Data excerpts ::
.....
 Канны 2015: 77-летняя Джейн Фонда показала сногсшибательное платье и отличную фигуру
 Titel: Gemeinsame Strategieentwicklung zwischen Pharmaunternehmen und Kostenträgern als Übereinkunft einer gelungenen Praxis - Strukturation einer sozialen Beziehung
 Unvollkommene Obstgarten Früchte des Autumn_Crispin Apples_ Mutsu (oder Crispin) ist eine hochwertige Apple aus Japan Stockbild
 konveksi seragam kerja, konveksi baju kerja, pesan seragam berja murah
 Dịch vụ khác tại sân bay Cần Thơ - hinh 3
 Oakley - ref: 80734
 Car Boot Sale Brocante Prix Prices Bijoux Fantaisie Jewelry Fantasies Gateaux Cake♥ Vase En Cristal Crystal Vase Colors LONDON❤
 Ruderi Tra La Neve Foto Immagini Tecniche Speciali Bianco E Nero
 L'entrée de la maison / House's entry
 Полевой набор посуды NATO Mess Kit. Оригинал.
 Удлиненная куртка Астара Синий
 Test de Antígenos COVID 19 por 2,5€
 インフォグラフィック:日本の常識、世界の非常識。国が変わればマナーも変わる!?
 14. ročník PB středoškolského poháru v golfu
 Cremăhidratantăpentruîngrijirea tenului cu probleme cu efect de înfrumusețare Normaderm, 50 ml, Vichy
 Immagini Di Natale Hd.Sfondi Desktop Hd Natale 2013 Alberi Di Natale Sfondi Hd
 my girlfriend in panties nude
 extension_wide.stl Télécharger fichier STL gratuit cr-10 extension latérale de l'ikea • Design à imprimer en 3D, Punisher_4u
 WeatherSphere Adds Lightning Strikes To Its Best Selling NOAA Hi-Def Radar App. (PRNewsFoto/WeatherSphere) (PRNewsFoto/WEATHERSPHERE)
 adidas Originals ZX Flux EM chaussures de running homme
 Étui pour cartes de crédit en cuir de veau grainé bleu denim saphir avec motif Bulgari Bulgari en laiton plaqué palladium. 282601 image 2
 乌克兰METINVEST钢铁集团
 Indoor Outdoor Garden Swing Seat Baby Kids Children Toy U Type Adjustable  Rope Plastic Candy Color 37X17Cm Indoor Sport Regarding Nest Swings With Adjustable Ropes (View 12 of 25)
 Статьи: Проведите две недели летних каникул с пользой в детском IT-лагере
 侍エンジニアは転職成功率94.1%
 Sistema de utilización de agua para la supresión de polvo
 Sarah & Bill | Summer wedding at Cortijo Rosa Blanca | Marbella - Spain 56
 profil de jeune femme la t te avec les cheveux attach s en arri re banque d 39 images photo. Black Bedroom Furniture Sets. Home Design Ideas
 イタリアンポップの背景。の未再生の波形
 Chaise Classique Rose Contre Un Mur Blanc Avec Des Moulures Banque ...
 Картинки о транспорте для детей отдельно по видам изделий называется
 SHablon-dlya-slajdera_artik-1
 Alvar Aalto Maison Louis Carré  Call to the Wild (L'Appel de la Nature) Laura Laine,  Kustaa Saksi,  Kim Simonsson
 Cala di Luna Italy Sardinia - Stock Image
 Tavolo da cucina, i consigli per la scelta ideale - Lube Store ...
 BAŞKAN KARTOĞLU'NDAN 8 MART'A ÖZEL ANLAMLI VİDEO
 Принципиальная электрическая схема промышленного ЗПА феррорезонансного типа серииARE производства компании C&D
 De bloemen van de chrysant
.....
WHAT TO PRODUCE ::
Beginning with the line that contains "Indoor Outdoor Garden", repeat every line through the end of the records and nothing more.

ANSWER BOX ::
 Indoor Outdoor Garden Swing Seat Baby Kids Children Toy U Type Adjustable  Rope Plastic Candy Color 37X17Cm Indoor Sport Regarding Nest Swings With Adjustable Ropes (View 12 of 25)
 Статьи: Проведите две недели летних каникул с пользой в детском IT-лагере
 侍エンジニアは転職成功率94.1%
 Sistema de utilización de agua para la supresión de polvo
 Sarah & Bill | Summer wedding at Cortijo Rosa Blanca | Marbella - Spain 56
 profil de jeune femme la t te avec les cheveux attach s en arri re banque d 39 images photo. Black Bedroom Furniture Sets. Home Design Ideas
 イタリアンポップの背景。の未再生の波形
 Chaise Classique Rose Contre Un Mur Blanc Avec Des Moulures Banque ...
 Картинки о транспорте для детей отдельно по видам изделий называется
 SHablon-dlya-slajdera_artik-1
 Alvar Aalto Maison Louis Carré  Call to the Wild (L'Appel de la Nature) Laura Laine,  Kustaa Saksi,  Kim Simonsson
 Cala di Luna Italy Sardinia - Stock Image
 Tavolo da cucina, i consigli per la scelta ideale - Lube Store ...
 BAŞKAN KARTOĞLU'NDAN 8 MART'A ÖZEL ANLAMLI VİDEO
 Принципиальная электрическая схема промышленного ЗПА феррорезонансного типа серииARE производства компании C&D
 De bloemen van de chrysant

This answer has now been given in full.